Recent vulnerability findings have unveiled a significant design flaw within Google Workspace’s domain-wide delegation (DWD) feature. Cybersecurity researchers have reported that this flaw could enable malicious actors to escalate privileges and gain unauthorized access to Google Workspace APIs, bypassing super admin requirements. The analysis highlights the seriousness of this vulnerability, which poses risks such as the potential exfiltration of emails from Gmail or sensitive data from other Google services.
According to cybersecurity firm Hunters, the flaw—nicknamed DeleFriend—manipulates existing delegations in both the Google Cloud Platform (GCP) and Google Workspace, allowing individuals without super admin privileges to exploit this backdoor.

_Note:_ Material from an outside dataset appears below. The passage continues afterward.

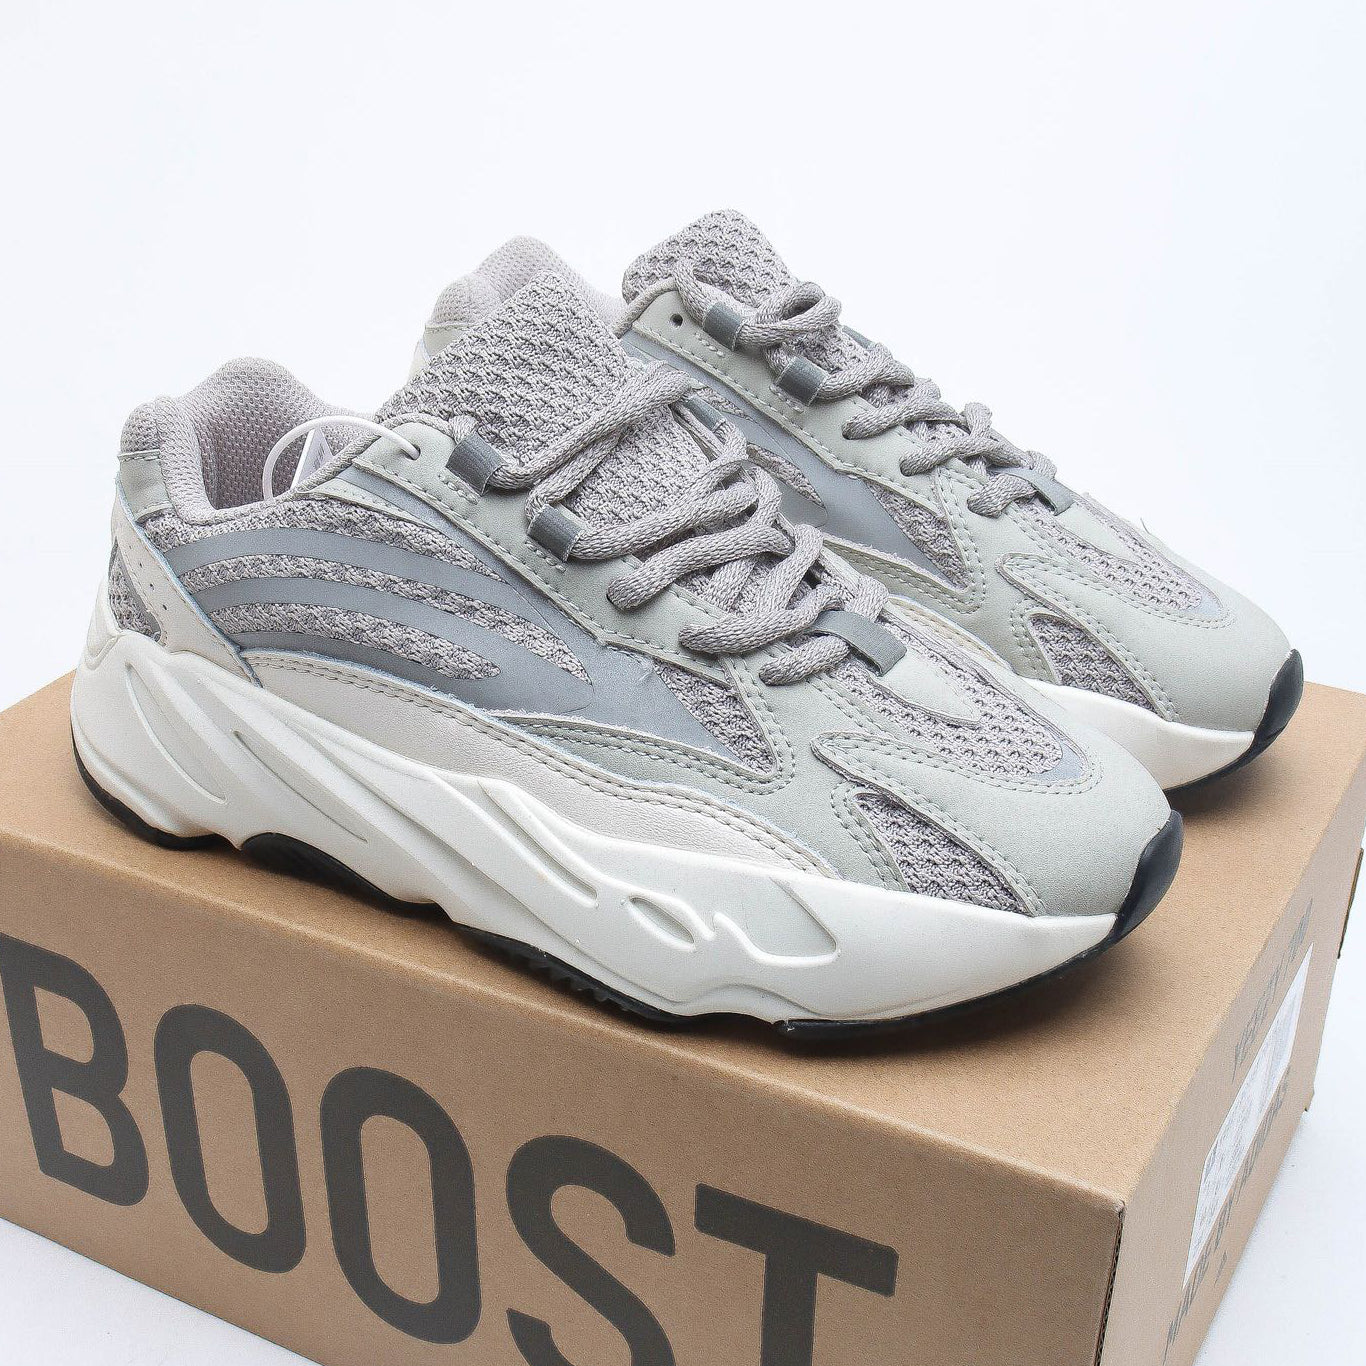 Adidas Yeezy Boost 700 V2 Static Sneakers Shoes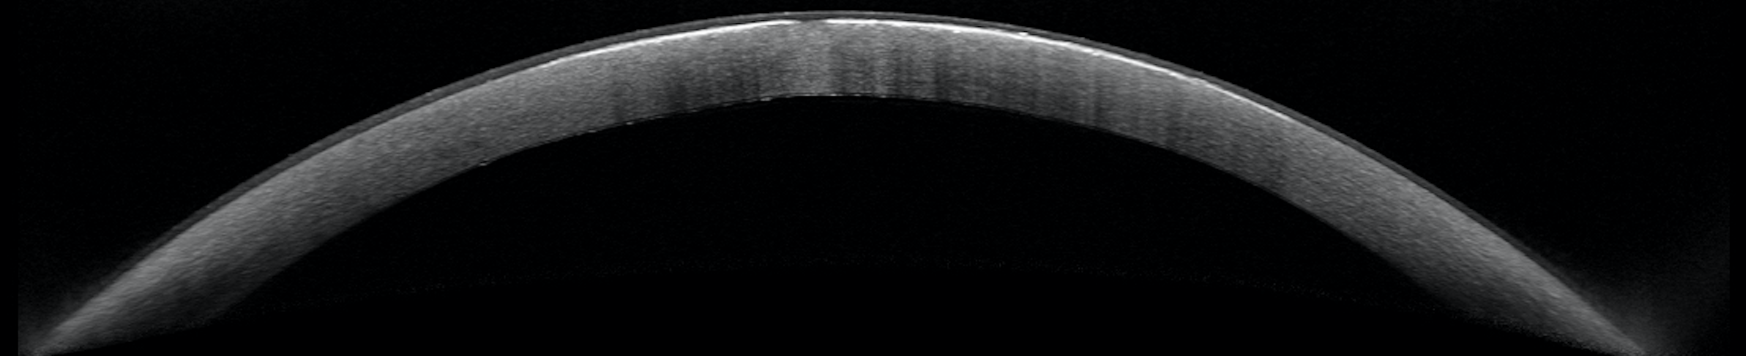 Figure 2. Anterior segment OCT of OD with subepithelial hyper-reflection.

This is troubling, as it facilitates unauthorized actions across all accounts within a targeted domain, increasing the broad impact of a single breach.
In a response to the findings, Google has rebuffed claims labeling the issue as a design flaw. The company maintains that the report does not point to a fundamental security weakness in its products and advises users to apply the principle of least privilege to mitigate potential risks effectively. They emphasize that ensuring minimal access rights is crucial in defending against such vulnerabilities.
Google describes domain-wide delegation as a “powerful feature” that allows various internal and third-party applications to access user data across an organization’s Google Workspace environment. However, this power necessitates stringent checks and balances, given the potential misuses highlighted by security researchers.
The fundamental issue lies in how domain delegation is configured. It depends on the service account’s resource identifier (OAuth ID) instead of relying on the specific private keys associated with that identity. Consequently, users with limited access could generate multiple JSON web tokens (JWTs) with different OAuth scopes, allowing them to discover successful combinations that exploit enabled delegations.
This exploitation opens a pathway for attackers to create new private keys tied to GCP service accounts equipped with existing delegation permissions. Such access could potentially allow them to conduct API calls to Google Workspace on behalf of any identity within the affected domain, merging several unauthorized actions under a single breach event.
The ramifications of this vulnerability extend to critical data stored across Google’s services, including Gmail, Google Drive, and Calendar. As Hunter’s research underscores, an exploited DWD can affect every identity within the domain rather than targeting individual accounts, amplifying the overall risk.
In light of these findings, it is clear that organizations utilizing Google Workspace should conduct thorough audits of their domain-wide delegation configurations and enforce stringent access controls. Palo Alto Networks Unit 42 has confirmed similar vulnerabilities in their own analysis and has been in discussions with Google regarding these risks since June 2023, emphasizing the potential for unauthorized access through compromised credentials.